A robot’s intelligence and cognitive processes are closely tied to its physical body and the way it interacts with the environment. Rather than treating the robot as a disembodied mind or an abstract information processor, embodiment emphasizes the integration of perception, action, and cognition in a unified system.
What is cognition? “Cognition is the process by which an autonomous system perceives its environment, learns from experience, anticipates the outcome of events, acts to pursue goals, and adapts to changing circumstances” (Vernon 2014)
The first intelligent robot: Shakey the robot
- What are the five main cognitive robotics approaches?
- Developmental Robotics
- Evolutional Robotics
- Swarm Robotics
- Soft Robotics
- Neural Robotics
- What is the Marr’s abstraction?
- Computational / Theory
- Representational / Algorithmic
which decomposes the different level of abstraction and allow the analysation of the problem from highest levels, avoiding the consideration of the details of the implementation before the computational level or theoretical level is solved.
Example of an analysis/design of a cognitive robotics experiment: (Modi):
Follows Marr’s Abstraction, Modi experiment is designed as:
Computational / Theory: Model the language acquisition process exploiting embodiment, following a study showing how posture and space strategies allow word learning in the absence of visual objects.
Representational / Algorithmic: Robots are given both speech and visual input stimuli, which will be lead to some internal semantic representations, result in expected behavior: naming correct object or being able to acting on object such as pointing to it.
Implementation: A robot hardware platform such as iCub or Nao is used, with a camera and microphone to capture visual and speech input, as well as handle the embodiment routine.
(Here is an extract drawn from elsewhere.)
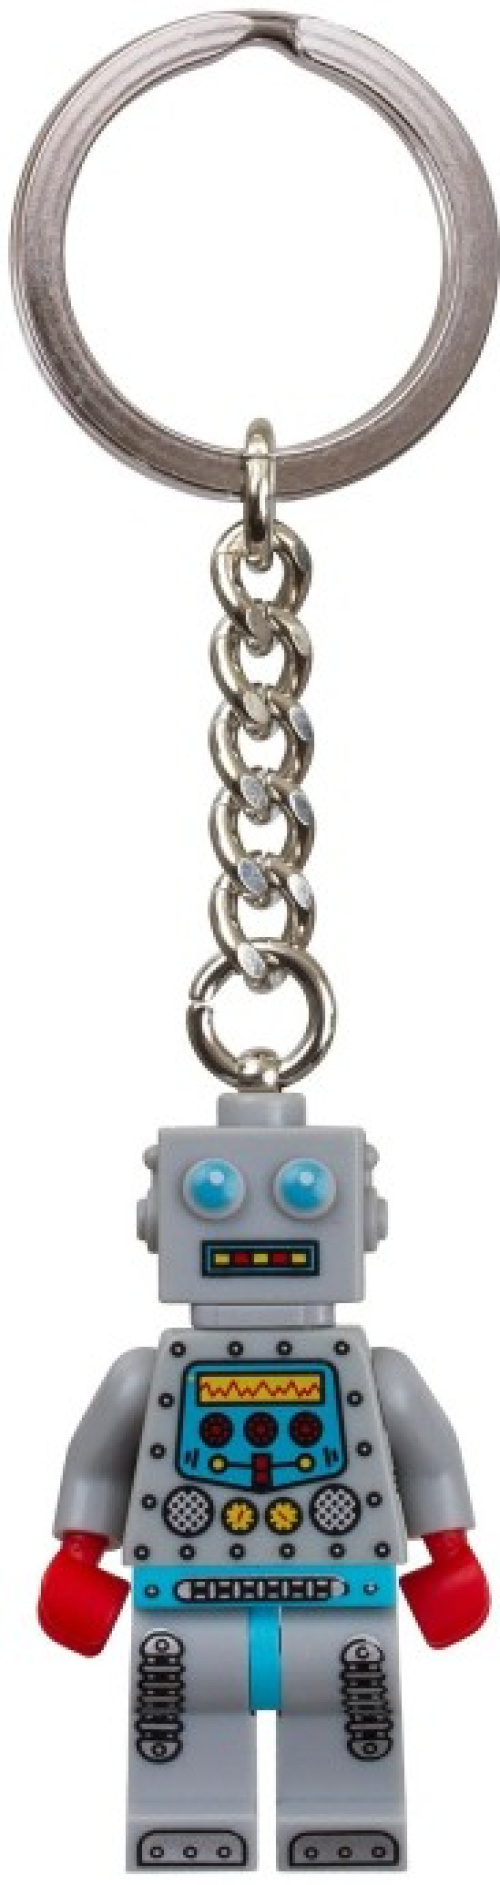 851395-1 Robot Key Chain

A LSTM network is used to implement the robot’s cognitive architecture.
Further information: “The robot’s task and the input/output dataset which the model is going to be used”: The robot is presented with N objects visually, then each object is then given a word associated to it => The input consists of images of the objects and corresponding speeches, while the output consists of the name of the object that is learned and the movement of the robot’s arm to point to the object.
“The procedure of training and testing the robot”:
- Provide image only inputs;
- Provide image-speech associated inputs;
- Gather the output and compare with the expected output to evaluate the effect of model training.
Test: use a separate test dataset on the robot to evaluate the model’s performance.
- What is the first robot in the world, the first industrial robot and the first cognitive robot?
- First robot in the world: Waldo
- First industrial robot: PUMA (Unimate)
- First cognitive robot: Shakey
What is cybernetics? Cybernetics is the study of the communication and control of regulatory feedback both in living beings and machines, and in combinations of the two.
- What is the difference between close-loop and open-loop control?
- Open-loop control: The control action is independent of the respond.
- Close-loop control: The control action is dependent on the respond.
- What are the main four components of a robot?
- A Physical body to be embodied in the world
- Sensors to perceive the environment
- Actuators & Effectors to take actions in the environment
- Controller to be automous and have goals
What are the types of robots? Humanoid: resembles a human (have human-like body plan and senses for human-robot interactions), but not necessarily in appearance
Android: robots which are designed to resemble humans in appearance (Geminoid, Hanson, Kaspar)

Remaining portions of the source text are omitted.